Kemal ilk gözlerini açtığı sahile her gün en az bir kez gelir oradan okyanusun sonsuzluğunda gözünün artık hiçbir şey görmediği uzaklara bakar, boşlukta dolaşan fikirleriyle kendi kendine konuşurdu. Kıyıya çıktığı ilk günlerde üzerindeki pantolonun cebinden 365 dolar, kredi kartları ve okyanus suyuyla kireçlenmiş bir cep telefonu çıkmıştı. Üzeri düz bir kayayı bar masasına benzetip orada bir barmen olduğunu düşünerek o sıcak havada içini ferahlatmak için
“hey dostum bir bira, bak parası peşin” diyerek eline on dolar sıkıştırır kayaya doğru gider onunla sohbet ederdi.
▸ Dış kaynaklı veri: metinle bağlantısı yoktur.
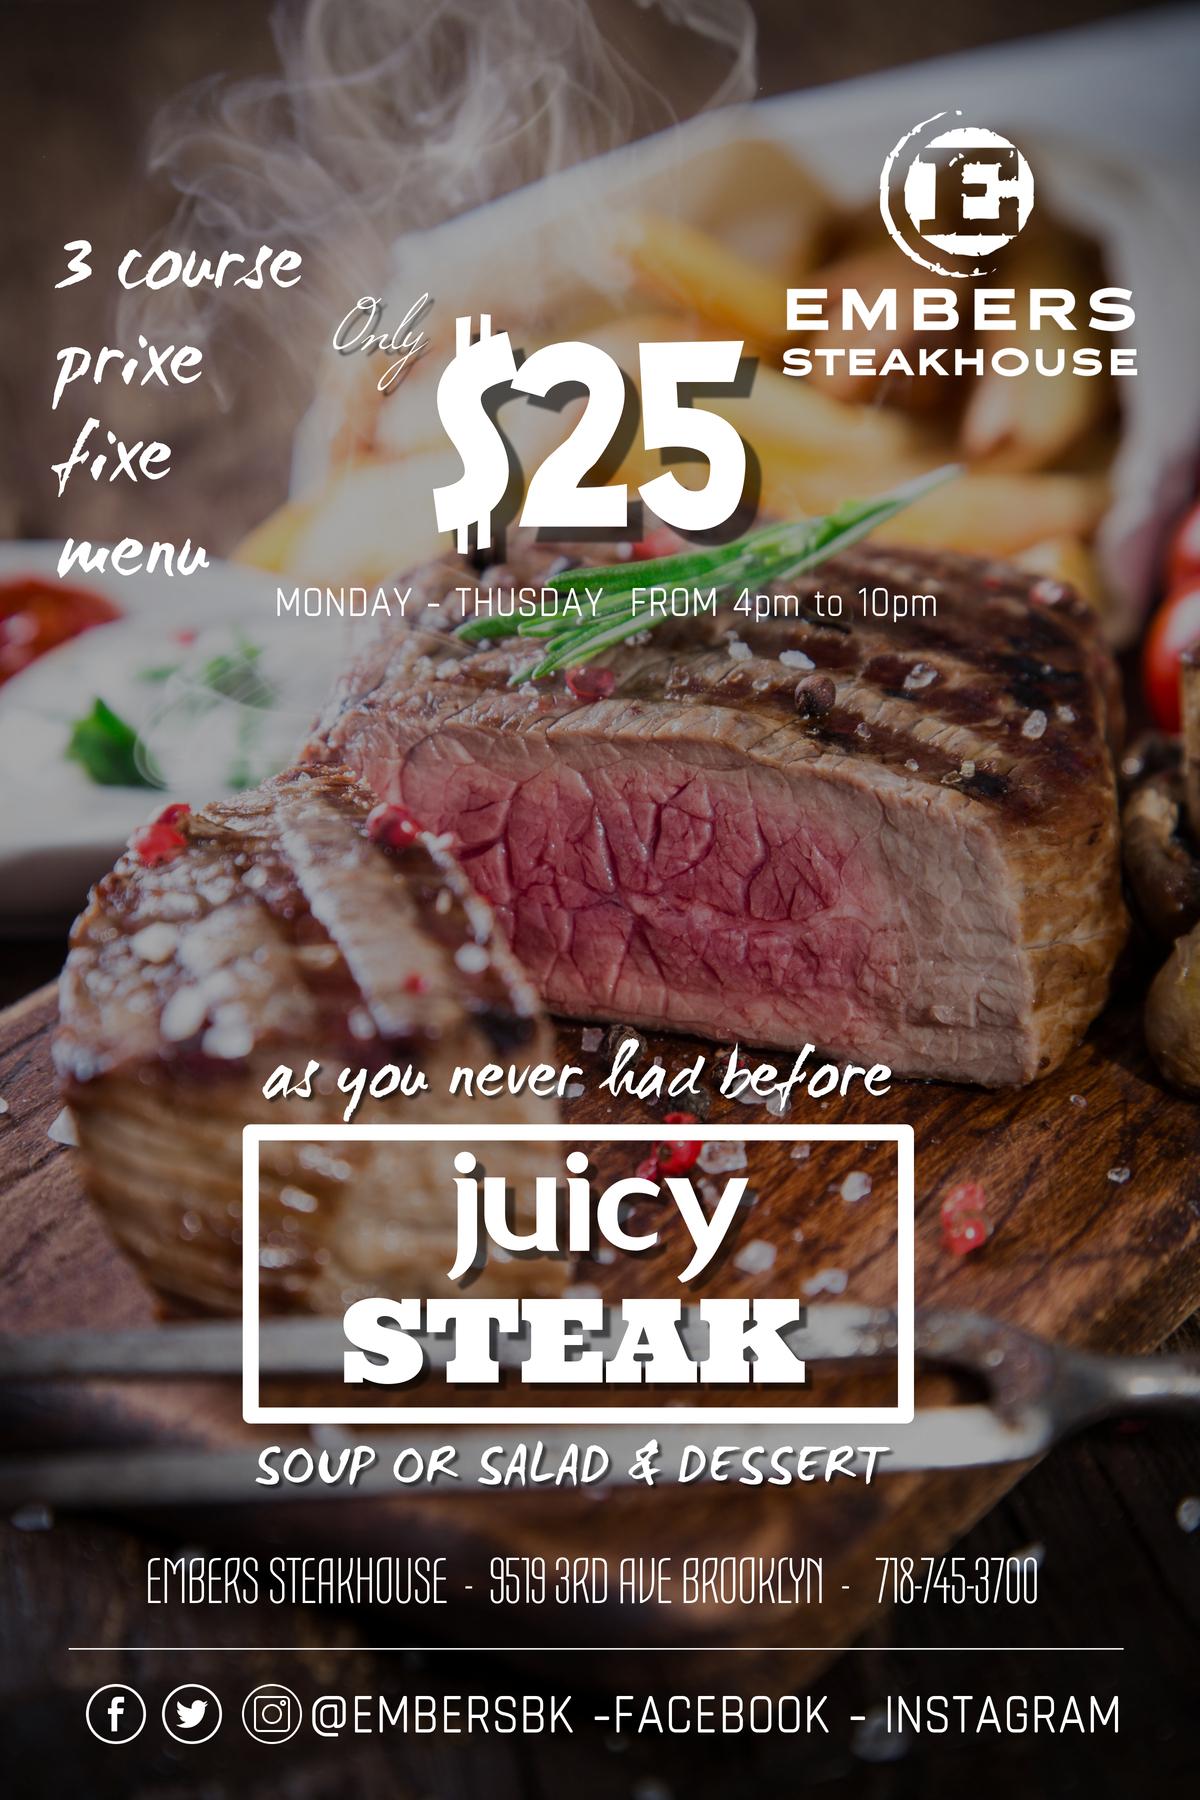 Copy of Steak Fresh Juicy BBQ Offer Poster Flyer.jpg

Zamanla bu kayanın barmen olduğuna iyice kendini inandırdı. Çünkü artık günleri, ayları unutmuş yalnızca; sıcak bir gün-soğuk bir gün olarak anımsamaya başlamıştı zamanı. “ Güzel bir cuma gibisi yok dostum, bir tekila doldur bakalım” derken aslında onu yaşama yeniden uyandıran kırlangıcın içinde yarattığı yaşam sevinci gitgide yitiyor, yerini okyanus kadar sonsuz bir sessizlik alıyordu. İşte tam da böylesi bir zamanda bir akşam bir takım tuhaf seslerle uyandı. Sıcak bir okyanus gecesi sahilden gelen seslere doğru yürüdüğünde bunların yumurtlamak için oraya gelen kaplumbağalar olduğunu gördü. Binlerce kaplumbağa sahili kazıyor yumurtlamak için hazırlanıyorlardı. Onları orda görmek Kemal’e tarifsiz bir mutluluk verdi. Çığlığı andıran seslerini duydukça suskunlukla kaplanan içinin buzulları eriyor, gözleri yaşam güneşi gibi ışıldıyordu. Kaplumbağalar yumurtalarını bırakıp okyanusa geri döndüklerinde adaya yaşama umudunu da geri getirmişlerdi. Kemal bazen kumsalı kazıp çıkardığı kaplumbağa yumurtalarını yiyor, tadı hakkında barmen dostuna iyimser yorumlar yapıyordu. Günler sonra ilk yavrular çıkıp dolunayın ışığına doğru okyanusa yol alırken Kemal onları sessizce izledi. Bu yaşama dönüş çabası onun içinde git gide büyüyen bir yaşamı tanıma isteği uyandırıyordu. Bir zaman sonra ise göçmen kuşlar sürüler halinde adaya indiler, burada bir süre dinlenip sonra yollarına devam ettiler. Tüm bunların onu yaşama çağıran bir ses olduğunu düşünüyordu. Ama burada kendi özünü de yeniden keşfettiğini biliyordu. Bir gün barmen dostuna “aslında burası sevilmeyecek bir yer değil dostum. Benim geldiğim yerde şu yeşil kağıt parçaları her şeyden güçlüdür. Orada herkesin sınırları çizilmiş ülkeleri, gurur duydukları bayrakları ve büyük, çok büyük tanrıları vardır… bu kağıtlar için yapılmayacak şey yoktur. Bak burada bunların hiçbir anlamı yok dostum. Şu kaplumbağalar buraya gelip hayata nasıl doğdularsa, ben de burada öyle doğdum işte. Şimdi kim bilir hangi ülke hangi ülkeyle savaşmaktadır. Bilir misin dostum; benim geldiğim yerde insanlar niçin erken kalkar sabahları? (yüzünü kaplayan bir gülümsemeyle, eline yeşil dolarları alarak) Bunlar için işte” dedi.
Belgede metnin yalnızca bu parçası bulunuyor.